ATI RN
ATI Pathophysiology Test Bank
1. A 5-year-old female takes a hike through the woods during a school field trip. Upon returning home, she hugs her father, and he later develops poison ivy. Which of the following immune reactions is he experiencing?
- A. IgE-mediated
- B. Tissue-specific
- C. Immune complex
- D. Cell-mediated
Correct answer: D
Rationale: The father's immune reaction to poison ivy is an example of cell-mediated immunity, specifically a type IV hypersensitivity reaction. In this type of reaction, sensitized T cells react to antigens, leading to inflammation and tissue damage. IgE-mediated reactions involve antibodies of the IgE class, commonly seen in allergic responses like anaphylaxis. Tissue-specific reactions target specific organs or tissues. Immune complex reactions involve immune complexes formed by antigens and antibodies that can deposit in tissues, leading to inflammation.
2. When educating a patient starting on oral contraceptives, what should the nurse include regarding the medication's effectiveness?
- A. Oral contraceptives are 100% effective when taken correctly.
- B. Oral contraceptives are effective immediately after starting.
- C. Oral contraceptives are less effective if taken with antibiotics.
- D. Oral contraceptives are less effective if taken with food.
Correct answer: C
Rationale: The correct answer is C. Oral contraceptives can be less effective when taken with certain antibiotics as they may interfere with the contraceptive's efficacy, potentially leading to decreased effectiveness. Therefore, patients should be advised to use additional contraception methods if they are also taking antibiotics. Choice A is incorrect because while oral contraceptives are highly effective, they are not 100% foolproof. Choice B is incorrect as oral contraceptives may take some time to reach their full effectiveness after starting. Choice D is incorrect since taking oral contraceptives with food does not necessarily impact their effectiveness.
3. The unique clinical presentation of a 3-month-old infant in the emergency department leads the care team to suspect botulism.

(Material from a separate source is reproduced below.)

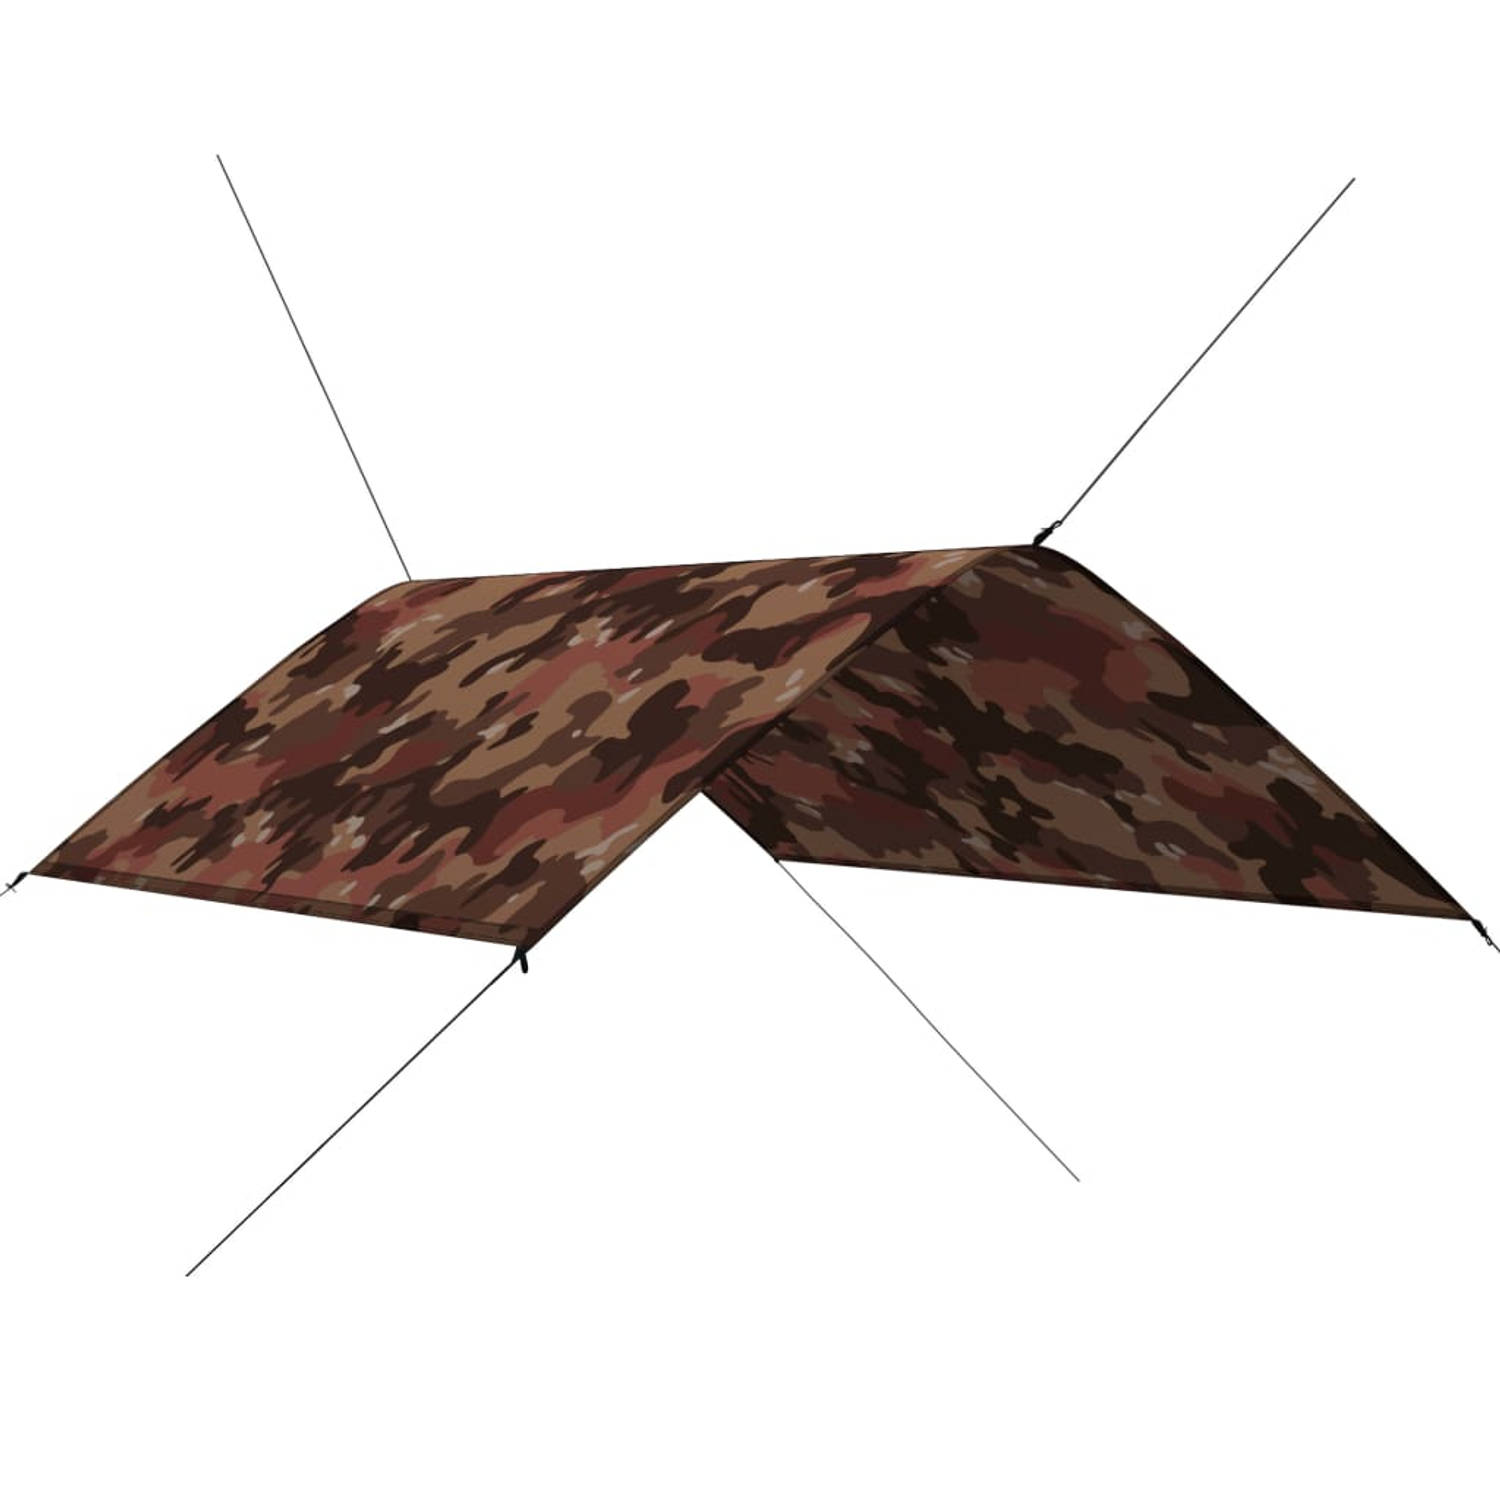 The Living Store Tuinzeil Camouflage - Polyester - 300 x 200 cm - Uv-bestendig

Which assessment question posed to the parents is likely to be most useful in the differential diagnosis?
- A. Have you ever given your child any honey or honey-containing products?
- B. Is there any family history of neuromuscular diseases?
- C. Has your baby ever been directly exposed to any chemical cleaning products?
- D. Is there any mold in your home that you know of?
Correct answer: A
Rationale: The correct answer is A. Botulism in infants is often linked to honey consumption. Asking the parents if they have ever given their child any honey or honey-containing products can provide crucial information for the differential diagnosis. This is important because infant botulism is commonly associated with the ingestion of honey contaminated with Clostridium botulinum spores. Choices B, C, and D are less relevant to botulism in infants as they do not directly relate to the typical causes of the condition. Family history of neuromuscular diseases (choice B) may be important for other conditions but not specifically for infant botulism. Direct exposure to chemical cleaning products (choice C) and the presence of mold in the home (choice D) are not typical risk factors for infant botulism.
4. Which clients are at highest risk for pneumonia?
- A. Those in their 20s and 30s and generally healthy
- B. Those who exercise regularly and are not exposed to pathogens
- C. Those who are hospitalized and immunocompromised
- D. Those who have adequate respiratory function
Correct answer: C
Rationale: Clients who are hospitalized and immunocompromised are at the highest risk for pneumonia due to their weakened immune systems. Choice A is incorrect as young and healthy individuals typically have stronger immune systems. Choice B is incorrect because regular exercise can actually boost the immune system and reduce the risk of infections. Choice D is incorrect as having adequate respiratory function does not necessarily correlate with the risk of developing pneumonia.
5. A patient with a history of breast cancer is being prescribed tamoxifen (Nolvadex). What should the nurse include in the patient education?
- A. Tamoxifen may increase the risk of venous thromboembolism.
- B. Tamoxifen may decrease the risk of osteoporosis.
- C. Tamoxifen may cause hot flashes and other menopausal symptoms.
- D. Tamoxifen may cause weight gain and fluid retention.
Correct answer: A
Rationale: The correct answer is A. Tamoxifen increases the risk of venous thromboembolism. Patients should be educated about signs and symptoms of blood clots, such as swelling, pain, or redness in the legs. Choices B, C, and D are incorrect because tamoxifen is not associated with decreasing the risk of osteoporosis, causing hot flashes and menopausal symptoms, or causing weight gain and fluid retention.